13C labelling studies

13C-Enriched benzoic acid was converted into imine 10 and subsequently coupled with 7 to give the aziridine 11, in four steps, as a 1:5 13C:12C mixture (Scheme 6). Two further 13C-enriched alkynyl aziridines, 14 and 15, with different substituents on the alkyne, were later prepared using the sulfonium salts 12 and 13.


Scheme 6: Preparation of 13C-enriched alkynyl aziridines.

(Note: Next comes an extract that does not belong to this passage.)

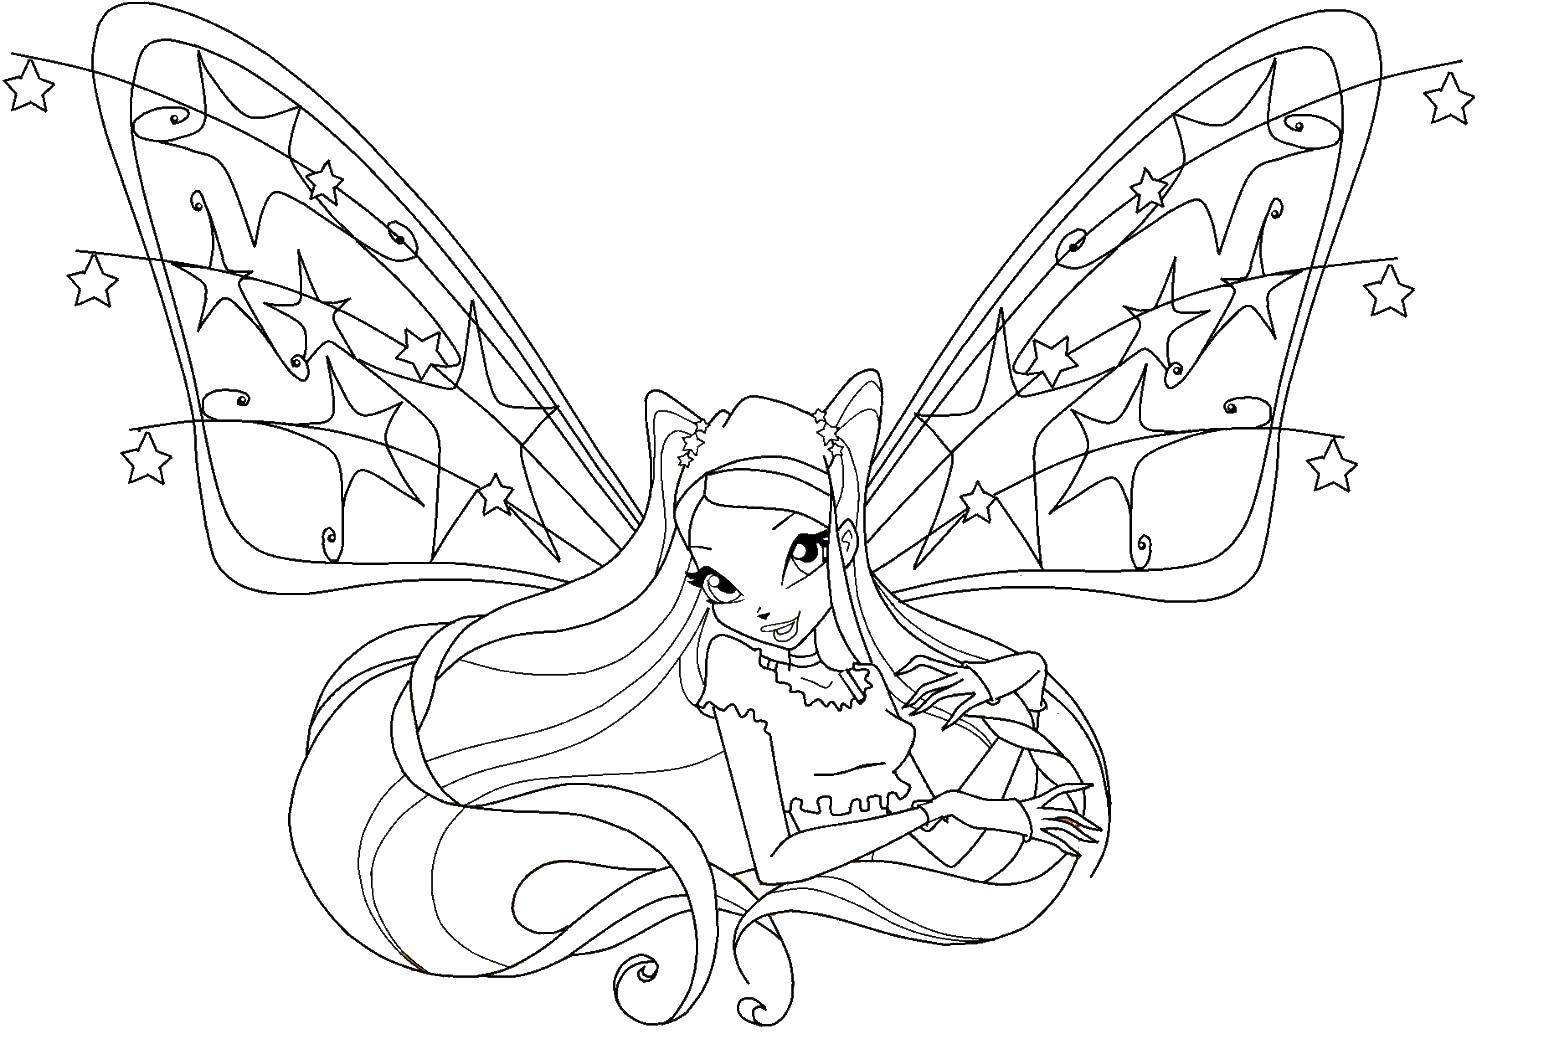 Coloring Fairy winx. Category Winx. Tags:  fairies, the winx girls.

On subjecting 11 to the conditions for skeletal rearrangement (Scheme 7), three enhanced resonances were seen in the 13C NMR spectra of the pyrrole products (Supporting Information File 1). One of the enhanced resonances was associated with the minor 2,5-disubstituted isomer 16 showing 13C enrichment at the expected C-2 position (Scheme 2, Path I). This result was confirmed by carrying out the control cycloisomerisation of 11 under the conditions known to give solely 2,5-disubstituted products (Scheme 8) [19]. All other resonances were associated with the 2,4-disubstituted pyrrole 17 and the remaining enhancements were therefore assigned to the unexpected formation of two separate isotopomers of 17. 13C-enrichment at C-5 (117.7 ppm) corresponds to the isotopomer 17a anticipated from the proposed 1,2-aryl shift mechanism. Isotopomer 17b was identified by enrichment at the quaternary C-4 position (127.0 ppm). HMBC experiments confirmed this assignment showing clear 3J coupling between the C-4 13C-enriched quaternary centre and the protons of the phenyl ring.


Scheme 7: Cycloisomerisation of 11 in the skeletal rearrangement reaction.

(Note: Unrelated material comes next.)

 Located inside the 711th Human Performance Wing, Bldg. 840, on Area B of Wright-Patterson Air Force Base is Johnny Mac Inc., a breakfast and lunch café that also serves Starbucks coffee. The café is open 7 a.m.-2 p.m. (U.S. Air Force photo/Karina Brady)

Scheme 8: Cycloisomerisation of 11 to give 2,5-disubstituted pyrrole.

Cycloisomerisation of the alkynyl aziridine 14, which bears a phenyl substituent on the alkyne, resulted in a different outcome under the same reaction conditions: Only a single isotopomer of the 2,4-disubstituted pyrrole 19 was formed with 13C-enrichment at the C-5 position, alongside the 2,5-disubstituted isomer 18 (Scheme 9).


Scheme 9: Cycloisomerisation of 14 in the skeletal rearrangement reaction.

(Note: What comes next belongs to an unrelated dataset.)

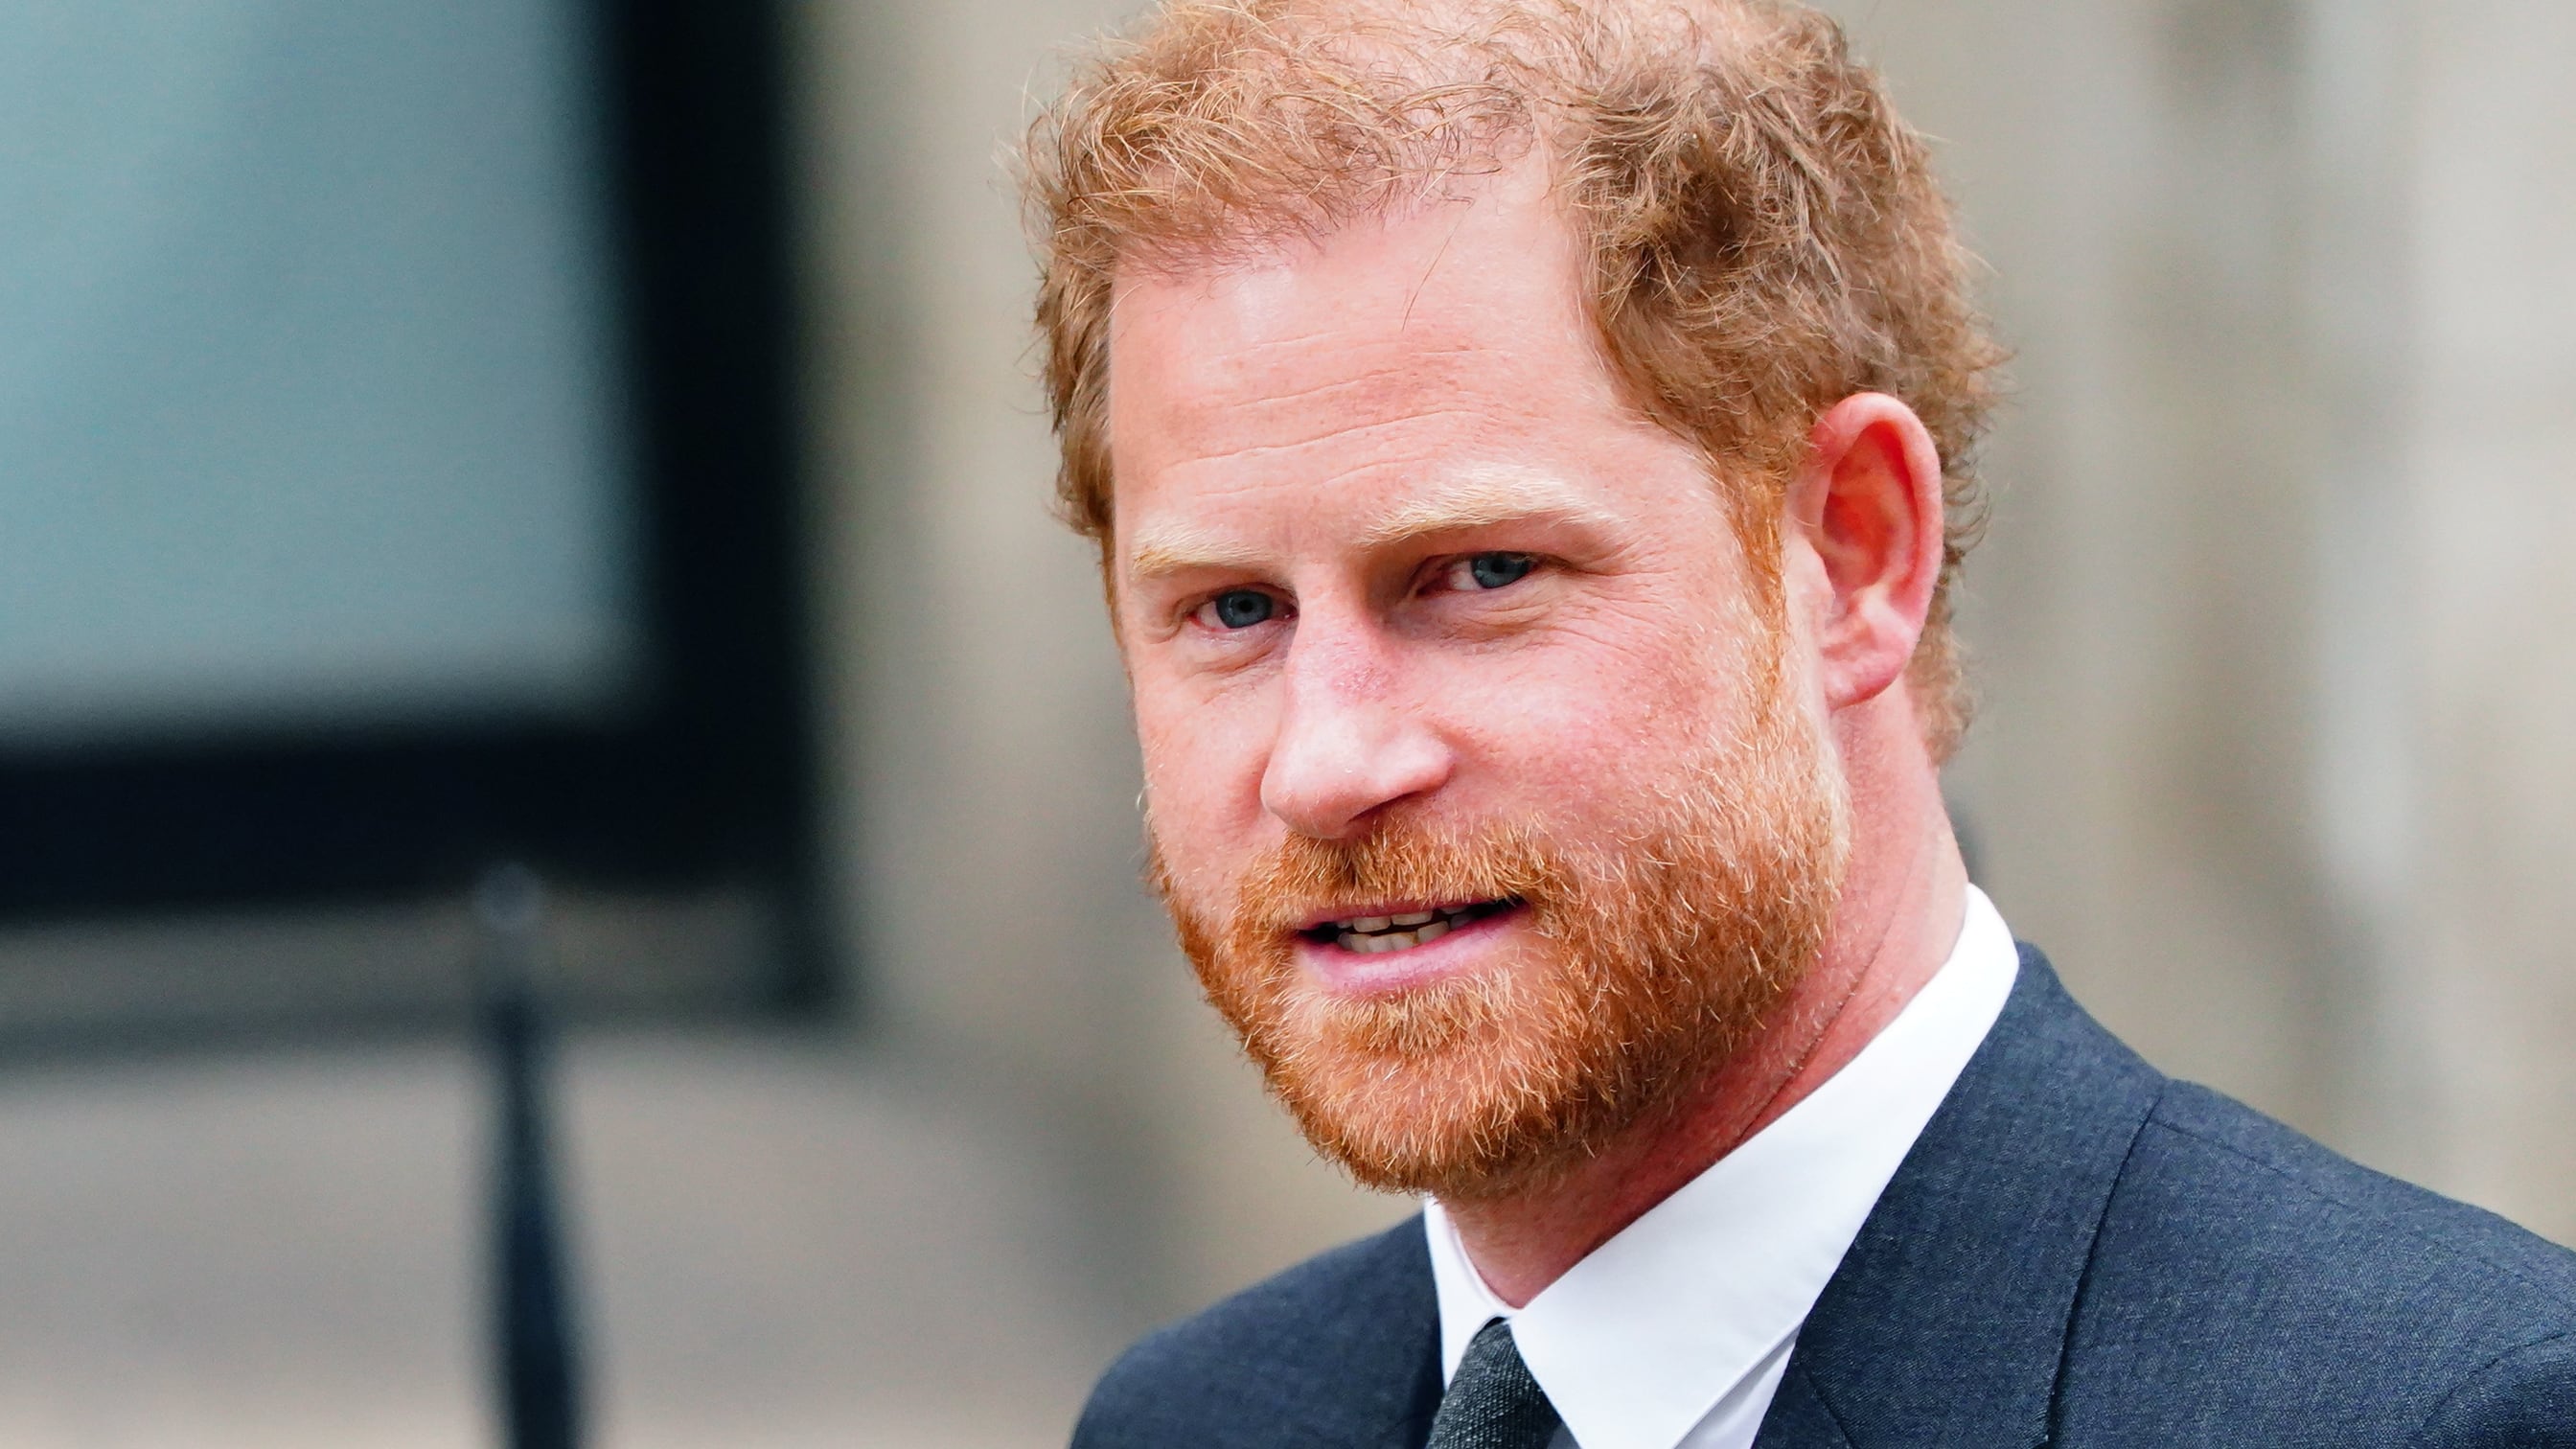 The Duke of Sussex is bringing a High Court case against NGN over allegations of unlawful information gathering

The observed inconsistency between the reactions of 11 and 14 was investigated using alkyl substituted alkynyl aziridine 15. Cycloisomerisation of 15 once again afforded a mixture of isotopomers of the 2,4-disubstituted pyrrole 21a/b alongside 2,5-disubstituted pyrrole 20 (Scheme 10).


Scheme 10: Cycloisomerisation of 15 in the skeletal rearrangement reaction.

The formation of the isotopomers 17a, 19 and 21a with 13C-enrichment at C-5 confirms C–C bond fission between the aryl group and the aziridine during the reaction. This outcome is consistent with an operative 1,2-aryl shift in the skeletal rearrangement of alkynyl aziridines to form 2,4-disubstituted pyrroles (Scheme 2, Path II).

However, the initial use of the alkyl substituted aziridine 11 rather than the aryl-substituted aziridine 14 was fortuitous. A second accessible pathway must exist to account for the formation of the 2,4-disubstituted pyrrole isotopomers 17b, and 21b by an alternate skeletal rearrangement.

The mechanistic proposal for the skeletal rearrangement was therefore reappraised to explain these results (Scheme 11). Alongside the ring expansion of metal coordinated alkynyl aziridines to the 5-membered cyclic cation B, which leads to isotopomer G (Path II) and 2,5-disubstituted pyrroles D (Path I), a competing regioisomeric ring-expansion could afford 4-membered ring intermediate I. Evolution of I by a ring-expanding 1,2-shift of the metal stabilised vinyl unit onto the benzylic cation leads to a new 5-membered cyclic intermediate J [29]. Deprotonation and protodemetallation of J results in a 2,4-disubstituted isomer G’ where the 13C-enriched carbon maintains its connectivity to the aryl unit, and C–C bond fission occurs between the aziridine and the alkyne fragment.


Scheme 11: Revised mechanism for the formation of 2,4-isomers by skeletal rearrangement.

The observed effects of the alkyne substituent can be rationalised if the pathway is dependent on the relative stabilisation of the developing positive charge at either carbon of the aziridine by the alkynyl aziridine intermediate H (Scheme 11). The formation of either benzylic cation I (Path III) or the enamide stabilised cation B (Path II), under a cationic ring-expansion manifold, is apparently closely balanced: Products from both pathways are observed for alkyl substituted systems such as 11 and 15. However, when the alkyne substituent is a phenyl group Path II is favoured over Path III due to the additional stabilisation of B by delocalisation through an extended π-system.

The initial report showed how the ratio of 2,5- to 2,4-disubstituted pyrroles varied with the electronic properties of the aromatic unit substituent directly attached to the aziridine [18]. While the trend was consistent with that expected for a 1,2-aryl shift, the more complex mechanism also accounts for the observed outcomes. An increasingly electron-rich aryl group will favour both formation of benzylic cation I and 1,2-aryl migration from B, leading to the same products from each route. Electron-deficient aromatics would have a destabilising effect on the formation of I and also be less prone to undergo 1,2-aryl shift from B thus favouring Path I and formation of the 2,5-disubstituted pyrroles.

Two further 13C labelled compounds were prepared to test this rationalisation by predictably affecting the relative stability of just one of the key intermediates: An electron-deficient aromatic substituent to the alkyne (R = p-C6H4CF3) should disfavour Path II by destabilising B over I, whereas an electron-rich aromatic substituent on the alkyne (R = p-C6H4OMe) should favour Path II by further stabilising B.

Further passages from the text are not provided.